We strolled up the tiny streets heading towards the castle and the cathedral. Our first stop was the early 13th century castle, Castello Svevo, still owned privately by the Martini family, currently being lovingly restored and, unfortunately for us, not open to the public at the time of our visit. Following the signs for the cathedral we reached the piazza in front of the cathedral from where, on a clear day you can see both the Adriatic and the Ionian sea.

The Cathedral Basilica was built in the mid 18th century over the ruins of pre-existing building that had been damaged by earthquake. The outside of the cathedral boasts a large polychrome dome. The interior is lavishly decorated and houses numerous paintings from the 17th to 20th century. By prior appointment with the bishop it is also possible to view the mummies housed in the cathedral.

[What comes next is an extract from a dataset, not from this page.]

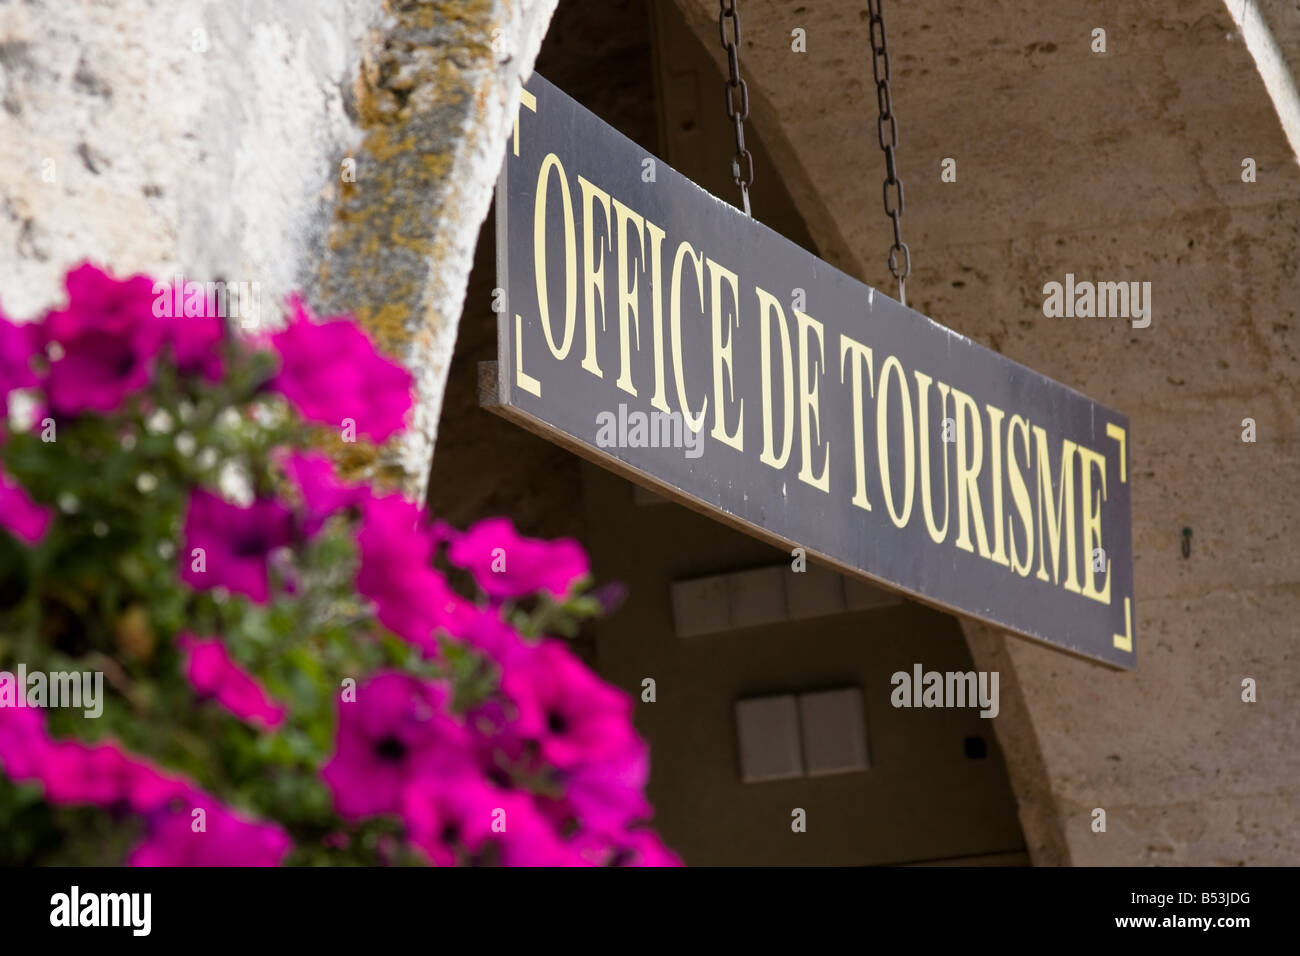 Office de tourisme  - Gers, France Stock Photo

Other sites to be seen in Oria include Gate of the Jews, the Bishops Palace, and at least four other churches. We were happy just to stroll through the sunny, pretty streets, admiring the architecture and soaking up the atmosphere. Our next stop was the Castello on Piazza D.Albanese for pre-lunch aperitivo,  a tiny “pub, birreria, stuzzicheria” (stuzzicheria = appetizer). During our strolls we had spotted, or more accurately, our nostrils had twitched at the wonderful aromas as we passed by the Fuori Porta.

Retracing our steps we soon found our way back to the ristorante responsible for the tantalising aromas. The Alla Corte di Hyria  is described in their publicity as being located on the most important route to Castello Svevo and providing an elegant dining room in which to enjoy fine Puglia cuisine. We lunched on antipasti followed by a primi piatti pasta course, skipping the secondi and moving on to dolce, accompanied by fine wine and better conversation!

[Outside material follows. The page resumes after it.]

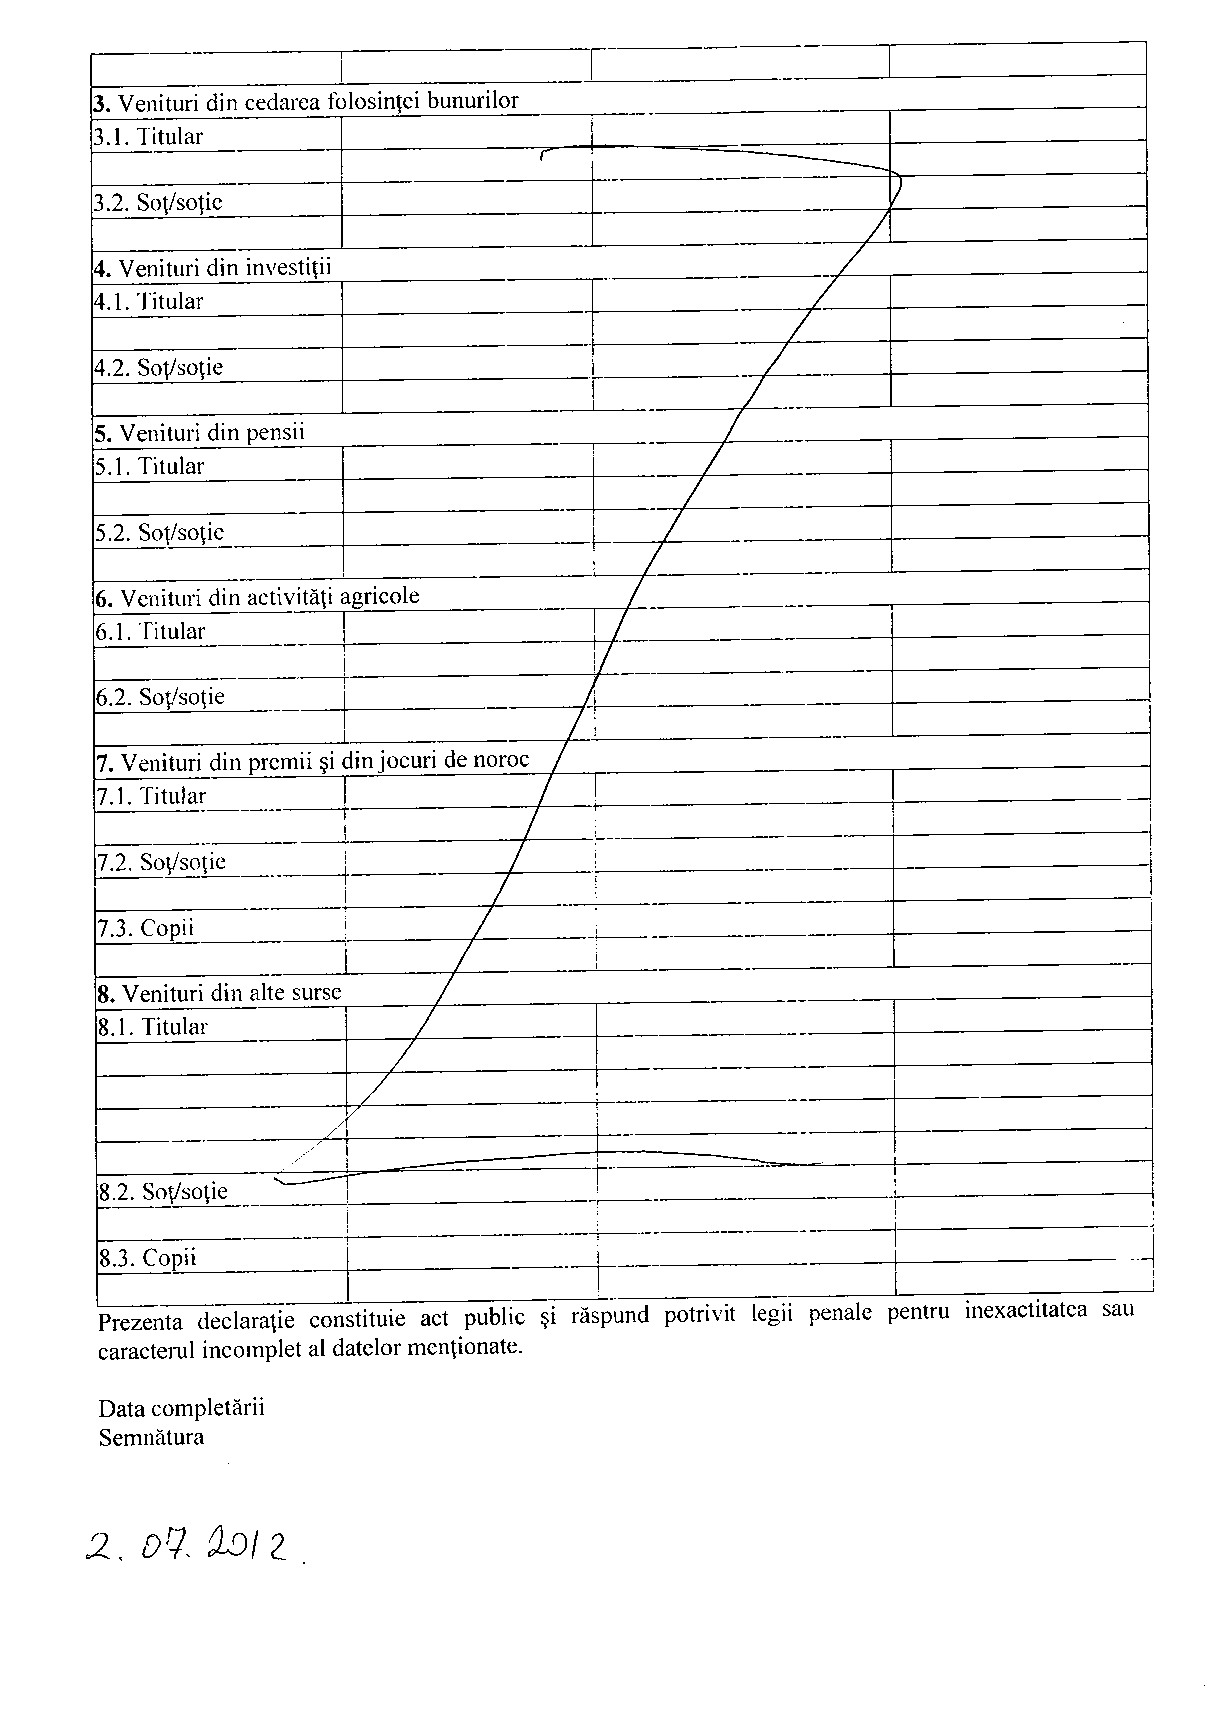 Declaratia de avere si de interese din data 25.06.2012 - pagina 4 din 6

After a lunch like that it is always necessary to stroll some more to try and walk off the damage – and of course wrap everything up with caffè.

From the official website of Oria we learn that Oria has a long history of Art, Culture and Traditions. It is believed that Oria was founded in 1200BC by a group of Cretan Minos who were shipwrecked on the Ionian coast and who created the original community then known as Hyria. Through the ages the town was subject to invasions, seiges and plunder.

Today the city is a plum tourist destination, not be be missed when you visit Puglia. Situated half way between Brindisi and Taranto, high on the hills with beautiful views of both coasts, monuments, artefacts and of course the restaurants and bars, we highly recommend a visit to this charming Puglia town during your Puglia holiday.

Oria is about 45 minutes from our Puglia holiday villas, take the Brindisi to Taranto superstrada (SS7) and before you reach Francavilla Fontana you will see the exit for Oria. Once you reach Oria follow the signs for the Centro Storico, you should be able to park on the streets just outside the Centro Storica.